> DATA FOR PROCESSING:
------------------------------------

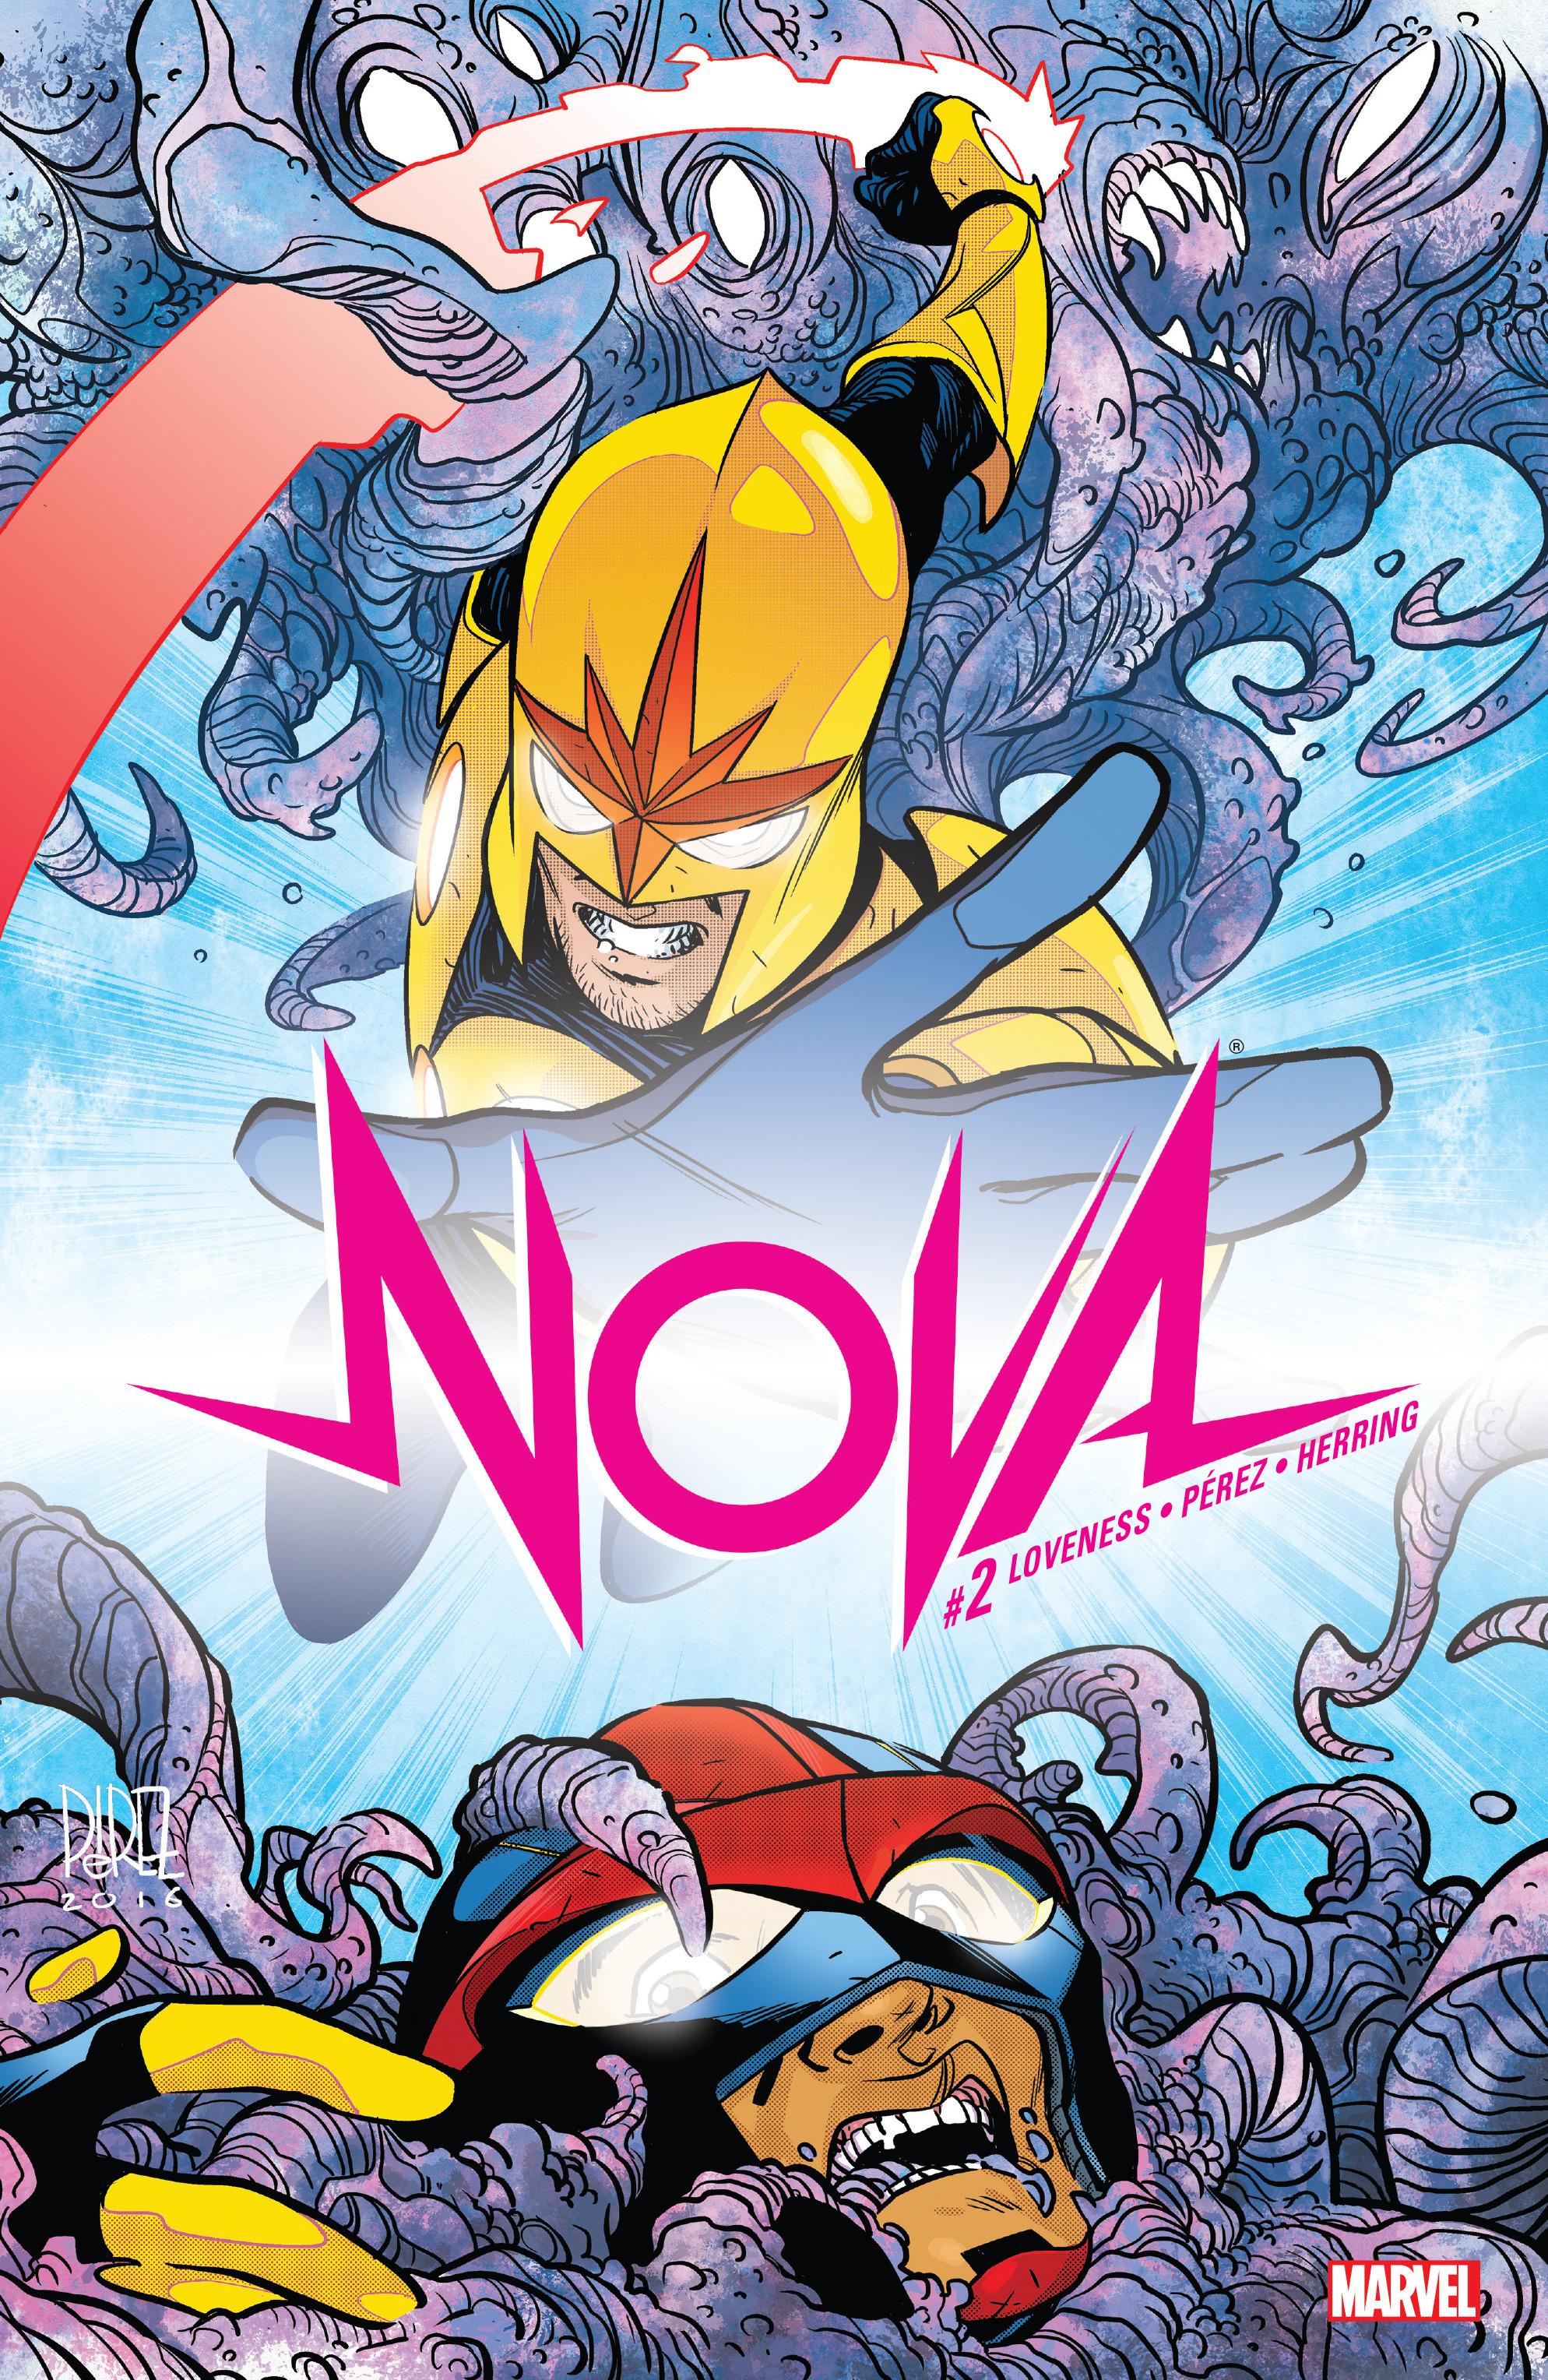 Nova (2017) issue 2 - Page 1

------------------------------------

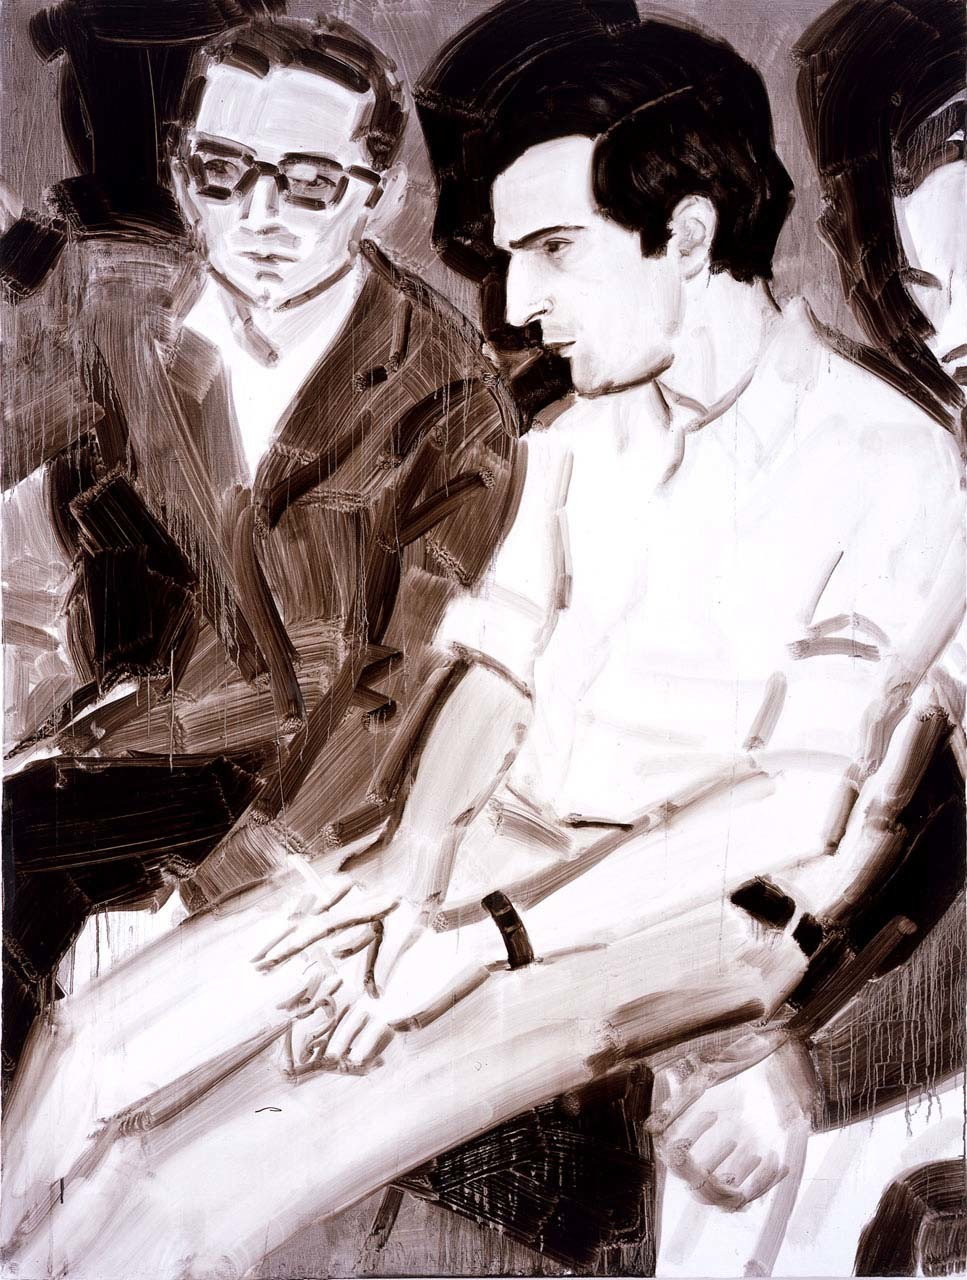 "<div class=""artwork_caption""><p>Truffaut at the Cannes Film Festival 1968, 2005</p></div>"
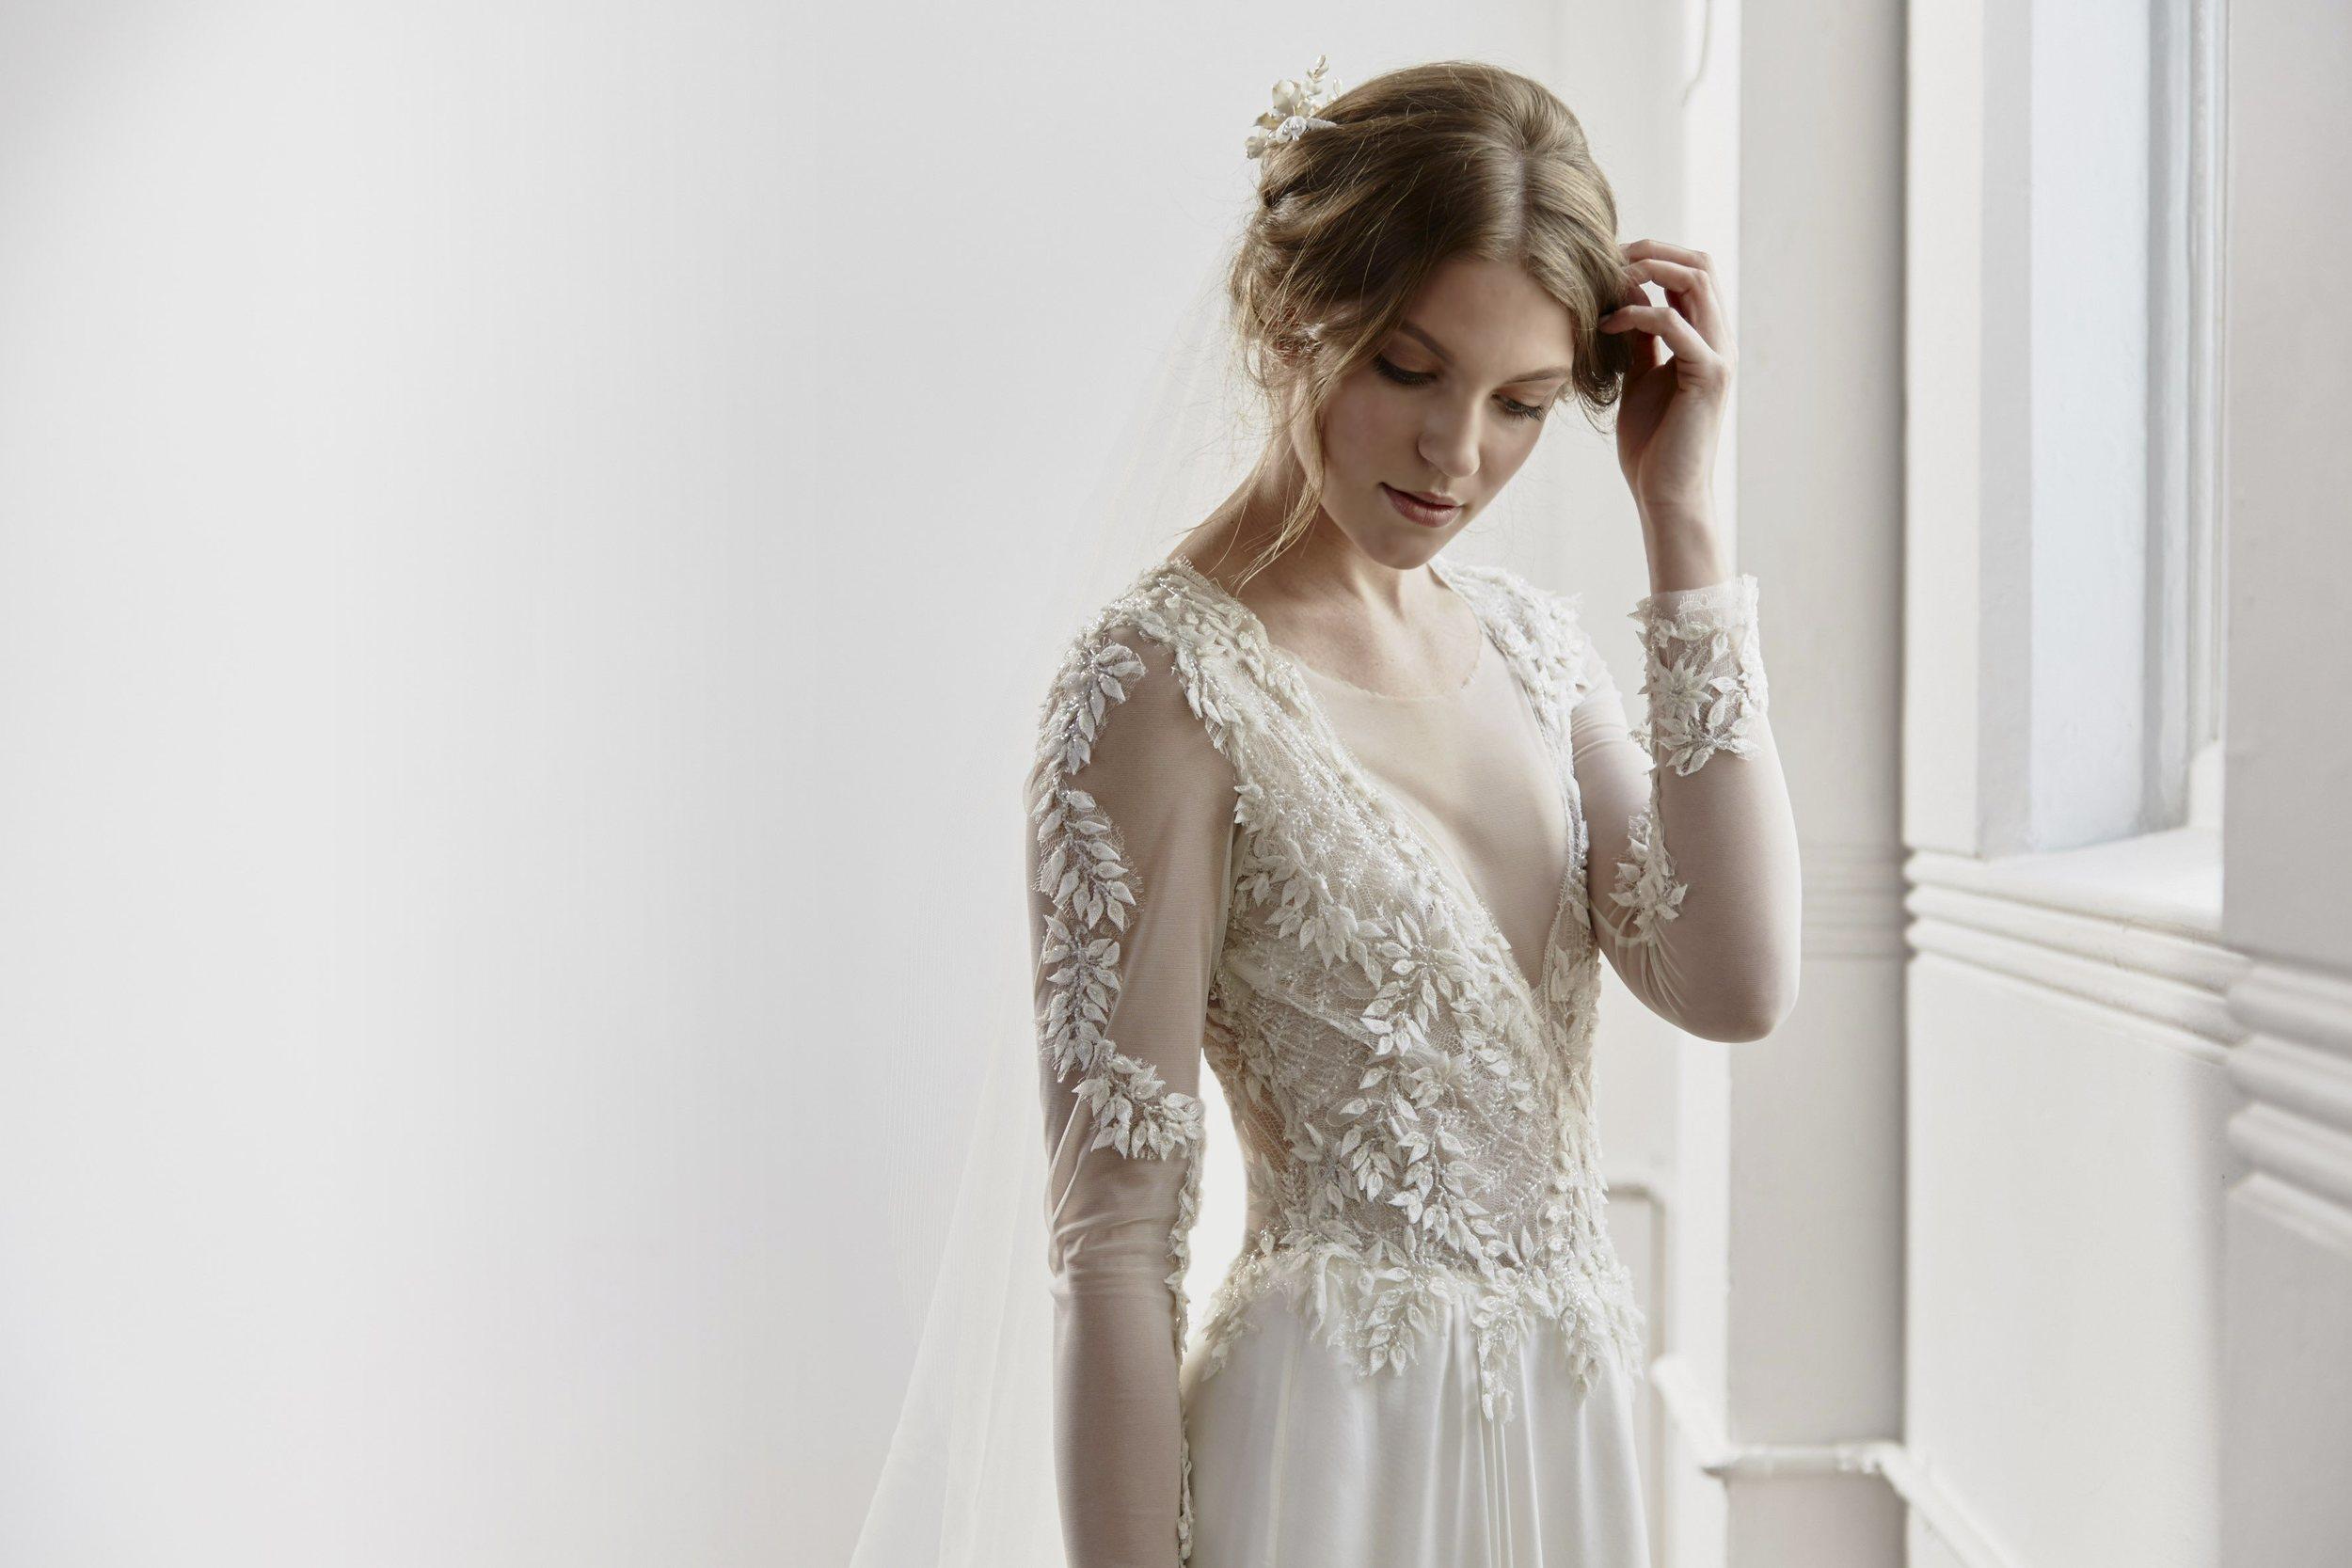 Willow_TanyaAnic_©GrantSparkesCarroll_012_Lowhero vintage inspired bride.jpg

------------------------------------

> EXERCISE INSTRUCTIONS:
Your answer must be everything above from the line with "at the Cannes" down to the line with "vintage inspired bride.jpg", word for word, and no pictures.

> SOLUTION TO THIS TASK:
 "<div class=""artwork_caption""><p>Truffaut at the Cannes Film Festival 1968, 2005</p></div>"
 Willow_TanyaAnic_©GrantSparkesCarroll_012_Lowhero vintage inspired bride.jpg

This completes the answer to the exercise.